A sensor according to an embodiment of the present invention includes an electrode containing the BDND described above (hereinafter, also referred to as a “BDND electrode”). The sensor provided with the BDND electrode according to an embodiment of the present invention preferably further includes, for example, a voltage control means for controlling the electric potential of the BDND electrode, and an electric current measuring means for measuring a change in a value of electric current flowing to the electrode.

Additionally, preferably, a voltage lead wire/electric current lead wire is connected to the BDND electrode, and the electric potential is controlled by the voltage control means.

Examples of the voltage control means include a potentiostat and a constant-potential power supply device.

Examples of the electric current measuring means include an ammeter and a galvanometer.

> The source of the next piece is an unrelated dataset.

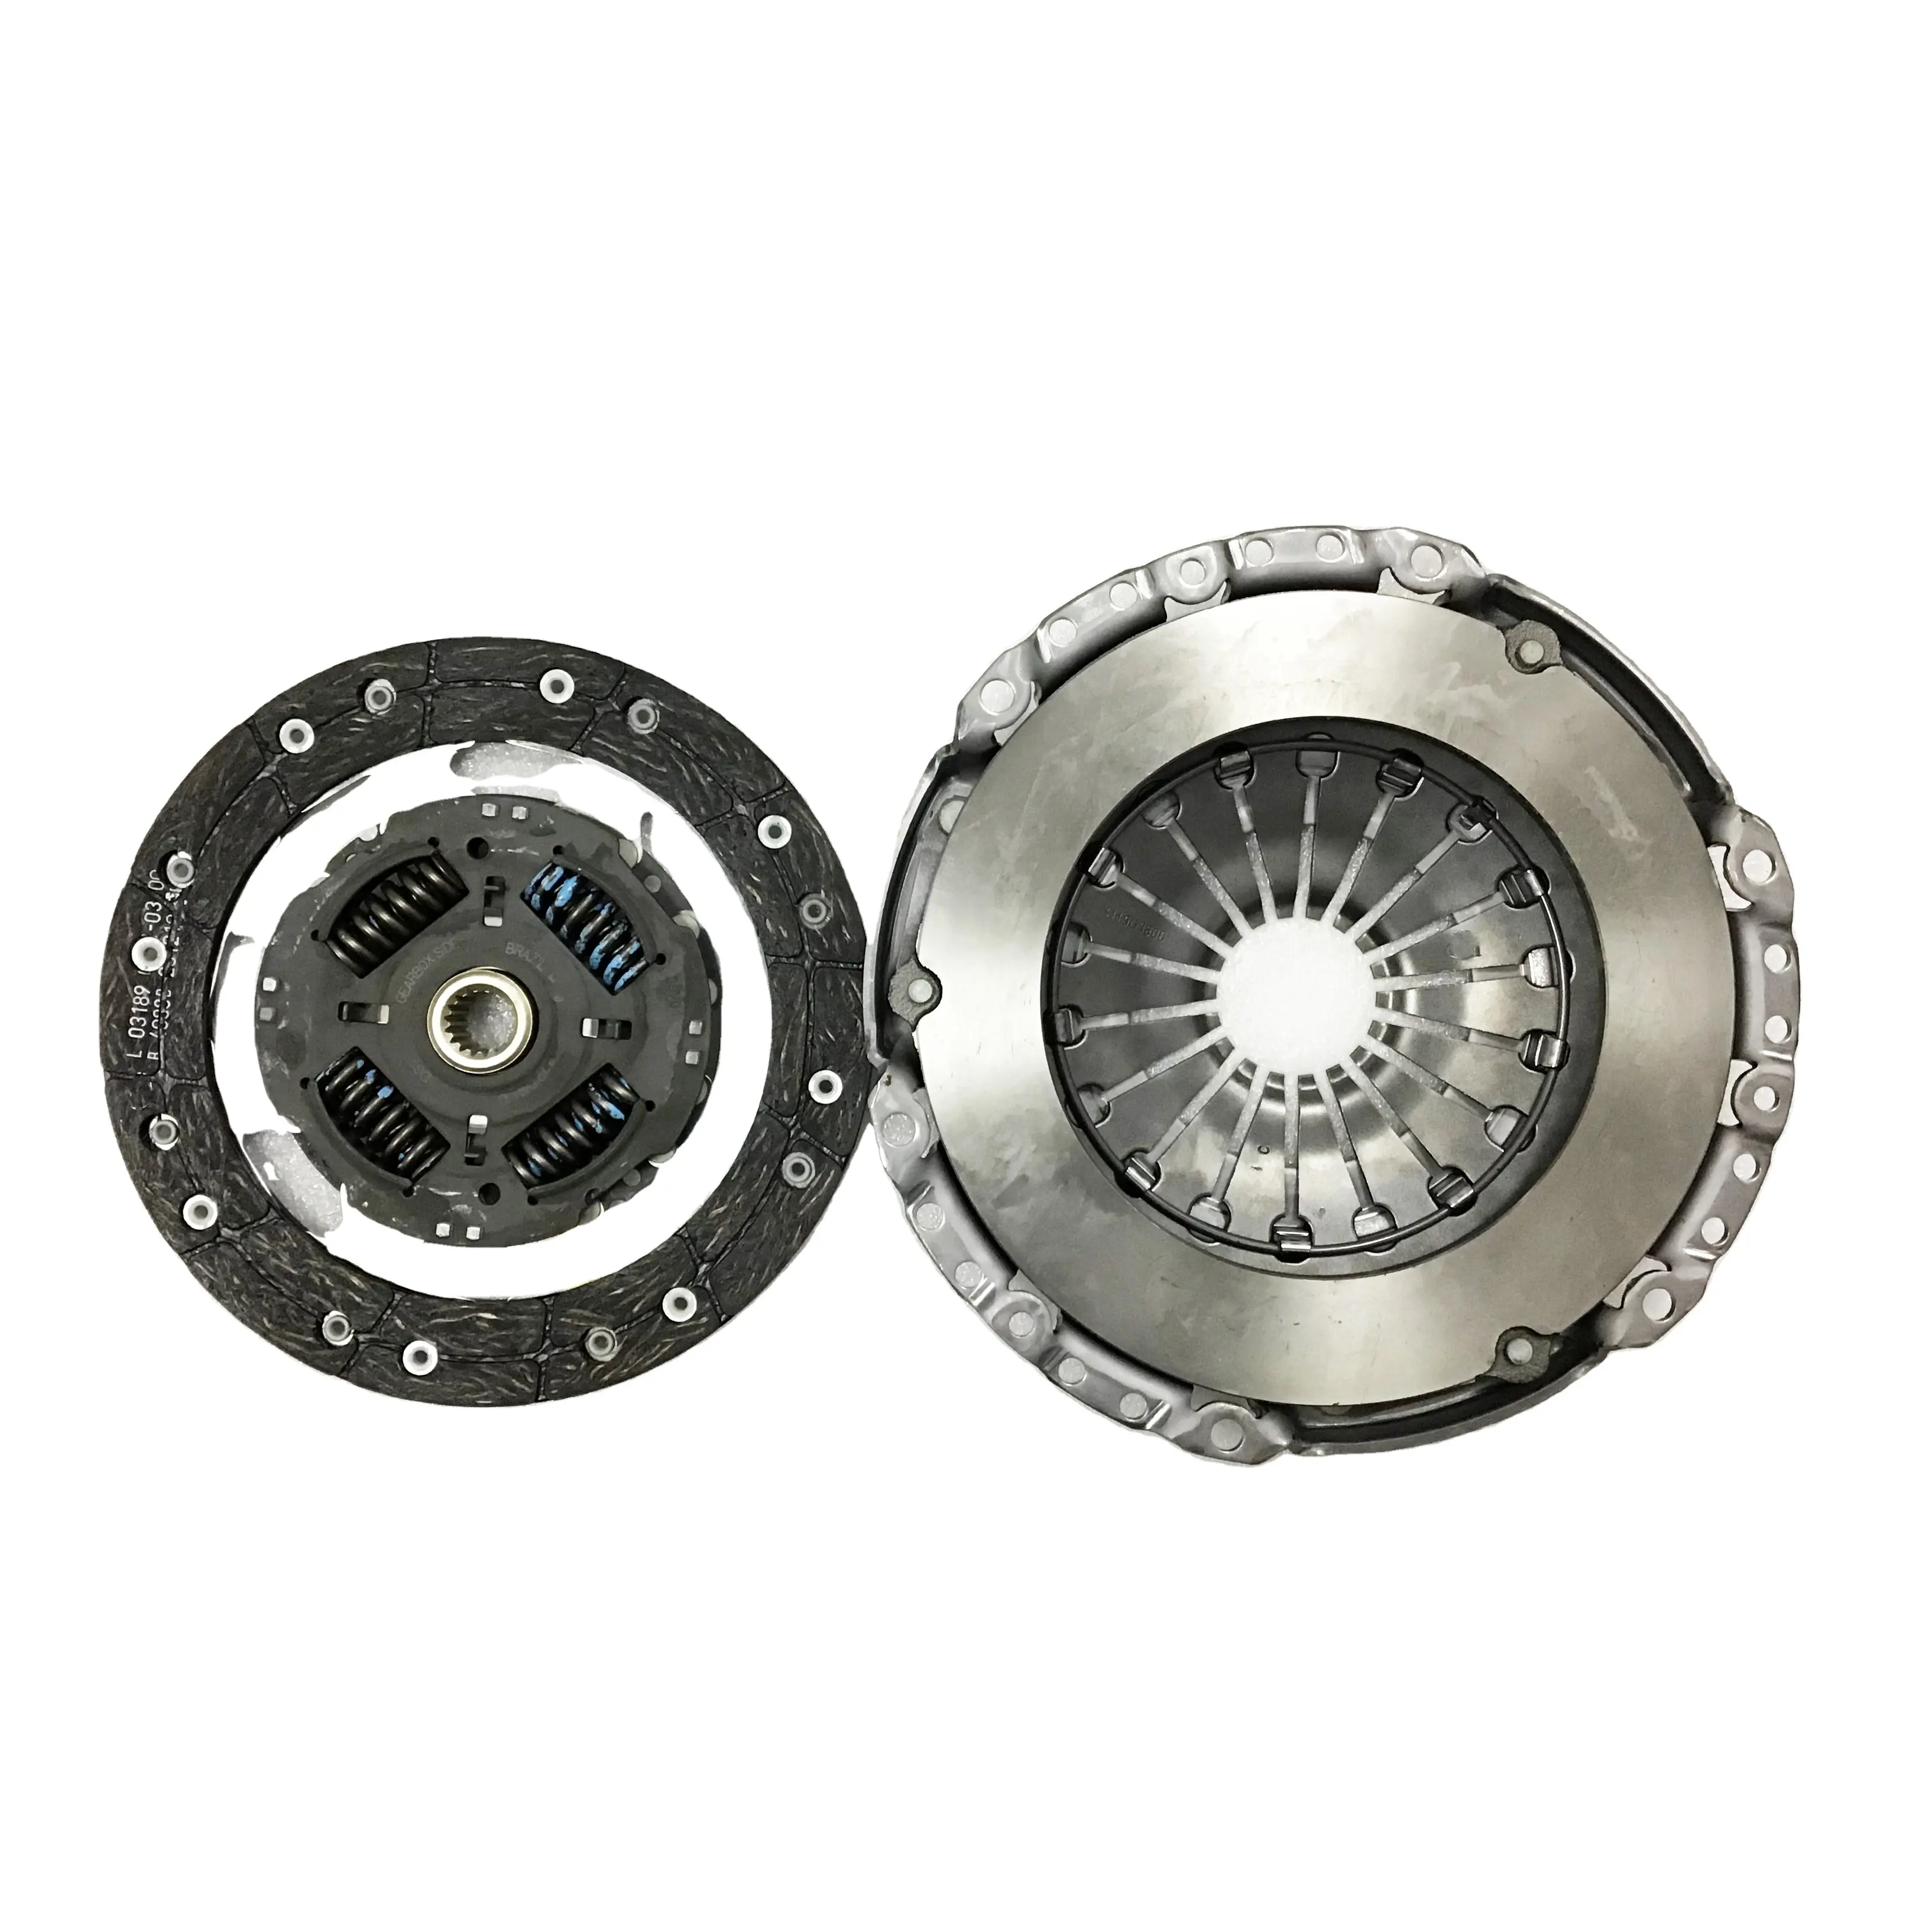 Original Quality Other Auto Engine Parts 2PCS 3M51-7540-H1D Clutch Kit For Ford Fiesta 2013 MT Ecosport 1.0 2013

The BDND electrode is brought into contact, along with a counter electrode, with an electrolytic solution containing the sample to be analyzed, and the electric current value is measured while controlling the electric potential using the voltage control means. When a voltage is applied, an oxidation or reduction reaction occurs by electrolysis of the analyte on the BDND electrode, but because the electric current value associated with this reaction is correlated with the concentration of the sample, the concentration of the analyte can be calculated from the electric current value measured by the electric current measuring means.

As the counter electrode, platinum, carbon, stainless steel, gold, diamond, SnO₂, and the like can be used.

Since the sensor according to an embodiment of the present invention includes a BDND electrode having a wide electrochemical window and a small background current, trace signals that are hidden by noise in case of metal electrodes can also be analyzed, and thus the sensor according to an embodiment of the present invention can also be used for micro-measurements in fields such as environmental analysis, clinical testing, and food inspections, for example.

EXAMPLE(S)

Hereinafter, the present invention will be described more specifically with reference to examples, but the present invention is not limited by these examples.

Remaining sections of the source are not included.